Ha sido ponente el Magistrado D. Ignacio Echeverría Albacar.
Antecedentes
ACEPTANDO los antecedentes de hecho de la sentencia recurrida, y Primero.- La sentencia recurrida declaró probados los hechos siguientes: 'ÚNICO.- Resulta probado y así se declara que, en hora no concretada pero comprendida entre las 22:00 horas del 19 de febrero y las 02:00 horas del 20 de febrero de 2016, el acusado Eulalio , mayor de edad y con antecedentes penales no computables a efectos de reincidencia, se aproximó a la vivienda, propiedad de Marcial , ubicada en la CARRETERA000 de la localidad de Valls en la que se encontraba durmiendo la sra. Susana , a la sazón madre del propietario.Una vez allí, el acusado, guiado por el ánimo de beneficiarse a costa de lo ajeno y sirviéndose de una barra de hierro que tomó de una nave cercana, rompió uno de los barrotes de la reja de protección de una ventana de la planta baja y, posteriormente, la ventana corredera y persiana consiguiendo así acceder al interior de la vivienda, apoderándose de una tablet Sony Xperia, valorada en 171 €, y dos libretas bancarias de Catalunya Caixa nº NUM000 - reordenada con posterioridad en la cuenta del BBVA NUM001 y titularidad del sr. Marcial - y nº ES NUM002 -reordenada con posterioridad en la cuenta del BBVA NUM003 y titularidad de Susana - Posteriormente, el acusado, guiado nuevamente por el ánimo de beneficiarse a costa de lo ajeno, se dirigió a un cajero automático, ubicado en la Plaça del Patí n º10 de Valls y, sirviéndose del PIN que aparecía anotado junto a la libreta bancaria, realizó dos extracciones de efectivo de la cuenta nº NUM004 , titularidad de la sra.

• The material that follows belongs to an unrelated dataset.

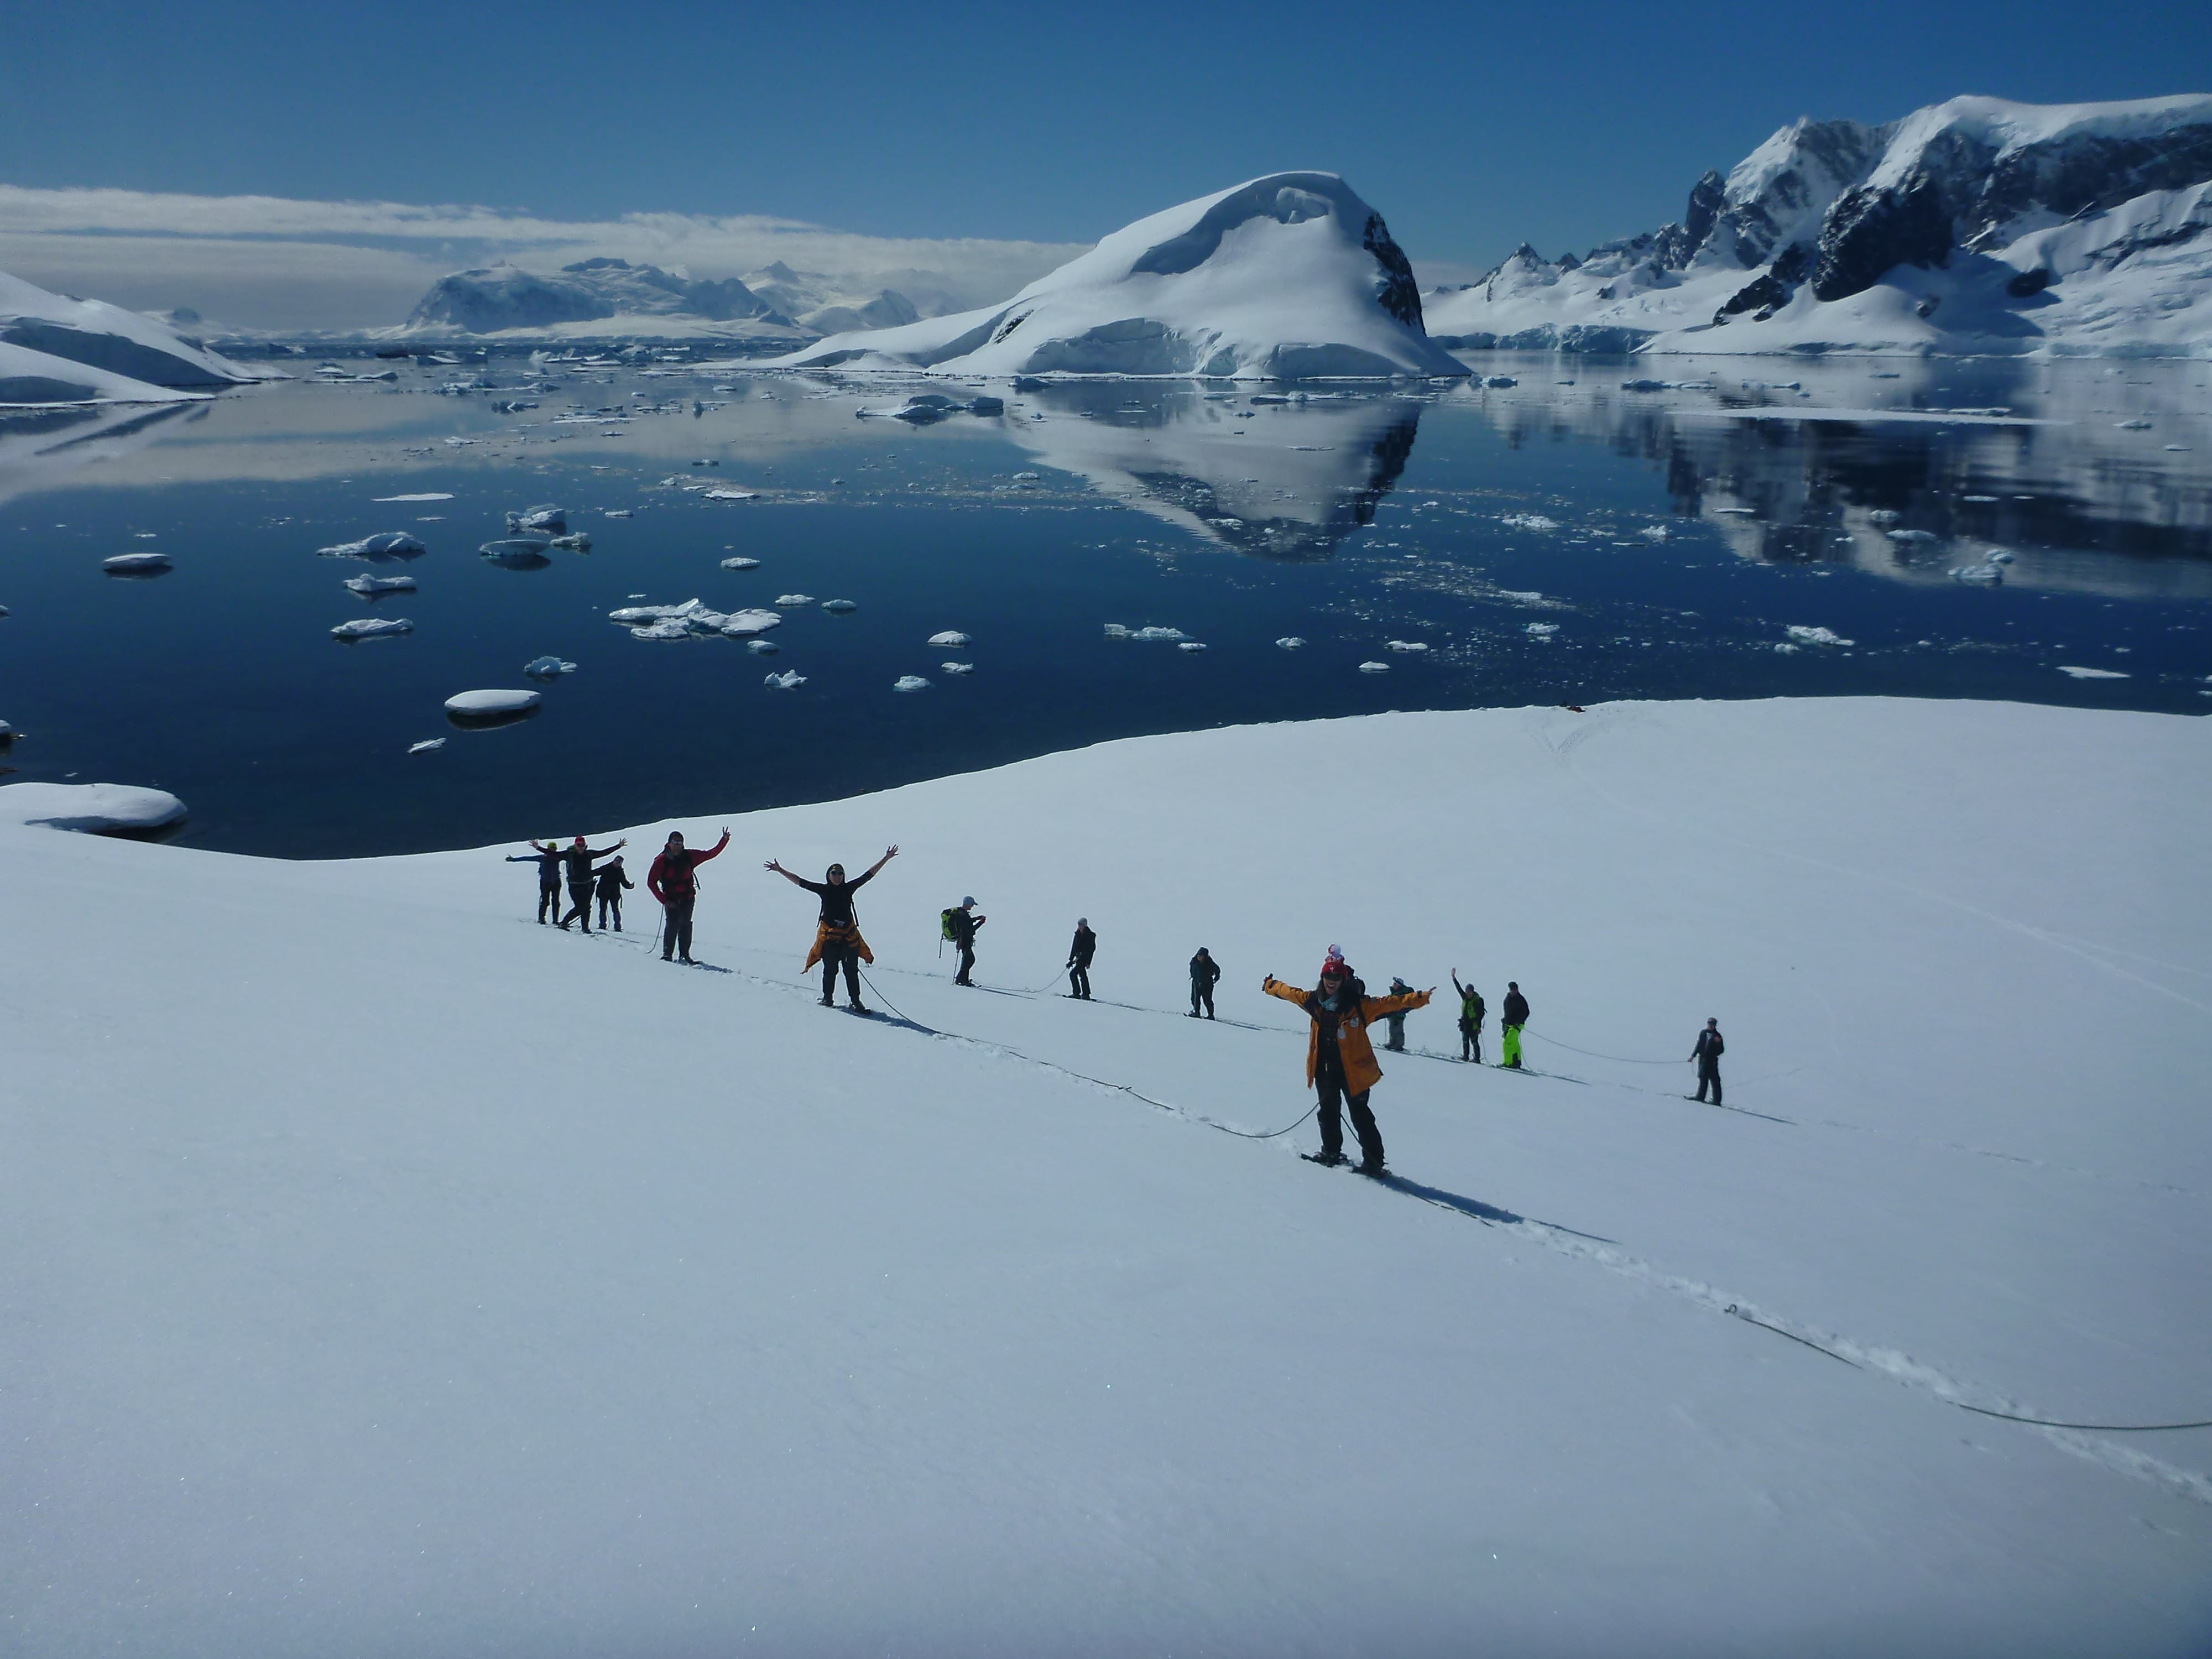 Crucero Antartida Basecamp Qwerty Travel

Susana : una de 500 € a las 02:31 horas y otra de 300 € a las 02:37 horas; cantidades de las que se apropió en provecho propio.
Como consecuencia de la acción del acusado, se ocasionaron daños en la ventana de la vivienda pericialmente tasados en 973, 10 €. Los perjudicados reclaman'.

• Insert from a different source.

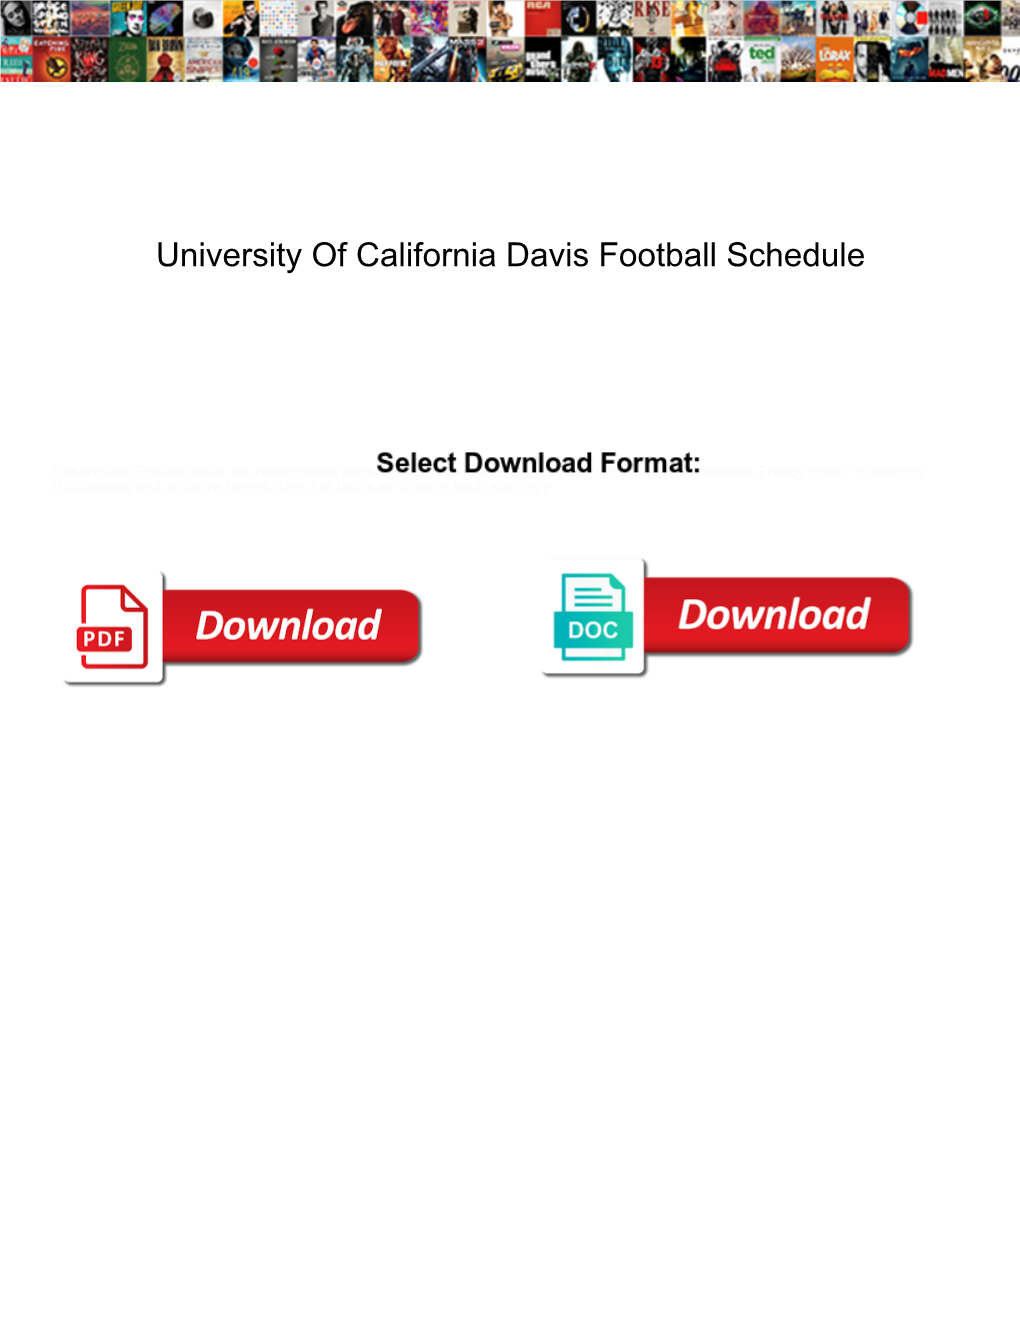 University of California Davis Football Schedule

Segundo.- Dicha sentencia contiene el siguiente fallo: 'Que DEBO CONDENAR al acusado Eulalio como autor de un delito de robo con fuerza en las cosas en casa habitada de los arts. 237 , 238. 2 º y 241 Código penal , con la concurrencia de la circunstancia atenuante analógica de drogadicción del artículo 21.7ª en relación con el artículo 21.1 ª y 20. 2ª, todos del Código Penal , a las penas de DOS AÑOS DE PRISIÓN, con la accesoria legal de inhabilitación especial para el derecho de sufragio pasivo durante el tiempo de la condena y abono de costas procesales.
Que DEBO CONDENAR al acusado Eulalio como autor de un delito de estafa de los arts. 248.2º c) y 249 Código penal , con la concurrencia de la circunstancia atenuante analógica de drogadicción del artículo 21.7ª en relación con el artículo 21.1 ª y 20.2ª, todos del Código Penal , a las penas de SEIS MESES DE PRISIÓN, con la accesoria legal de inhabilitación especial para el derecho de sufragio pasivo durante el tiempo de la condena y abono de costas procesales.

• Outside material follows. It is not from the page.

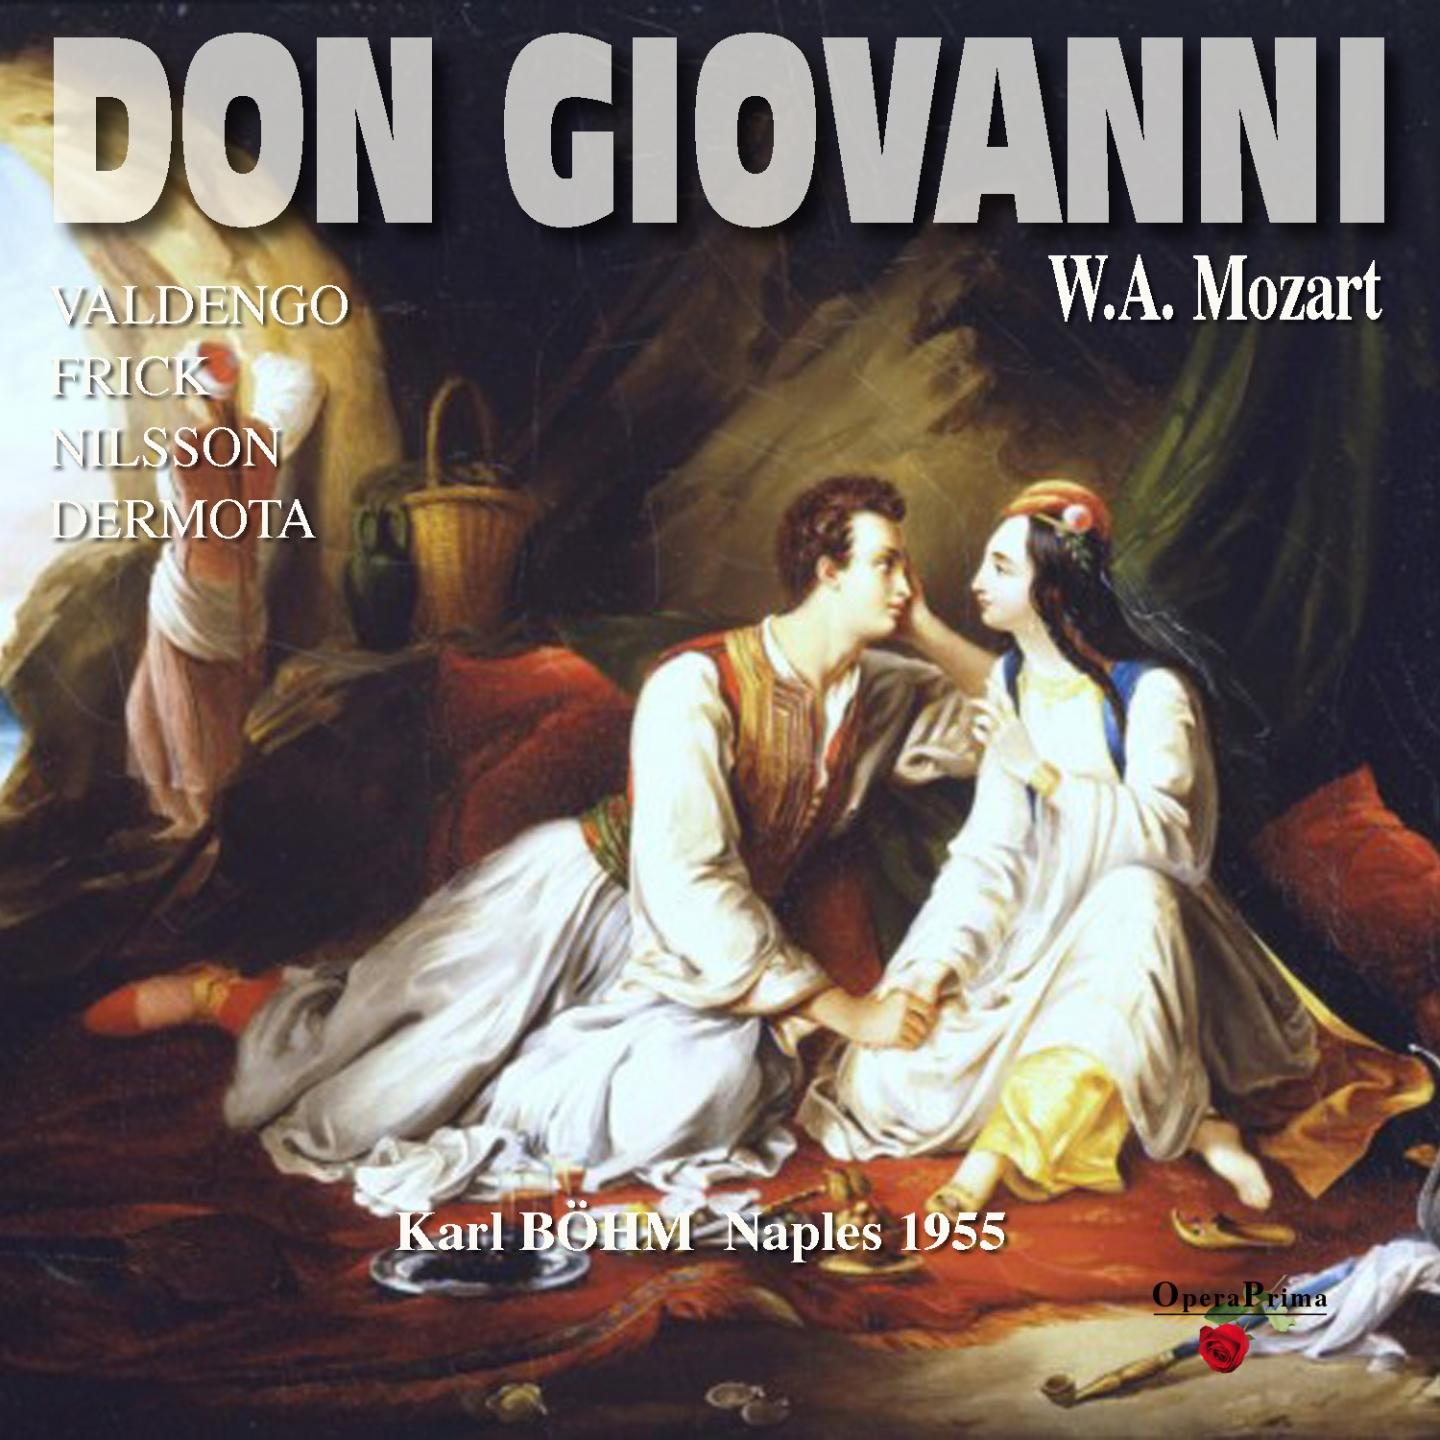 Don Giovanni: Act I  " La ci darem la mano"

Asimismo, en vía de responsabilidad civil, el acusado deberá indemnizar a Marcial la cantidad de MIL CIENTO CUARENTA Y CUATRO EUROS CON DIEZ CÉNTIMOS (1.144, 10 euros) y a Susana la cantidad de OCHOCIENTOS EUROS (800 euros), devengando tales sumas los correspondientes intereses legales ( art. 576 de la LEC ).' Tercero.- Contra la mencionada sentencia se interpuso recurso de apelación por la representación procesal de Eulalio fundamentándolo en los motivos que constan en su escrito de recurso.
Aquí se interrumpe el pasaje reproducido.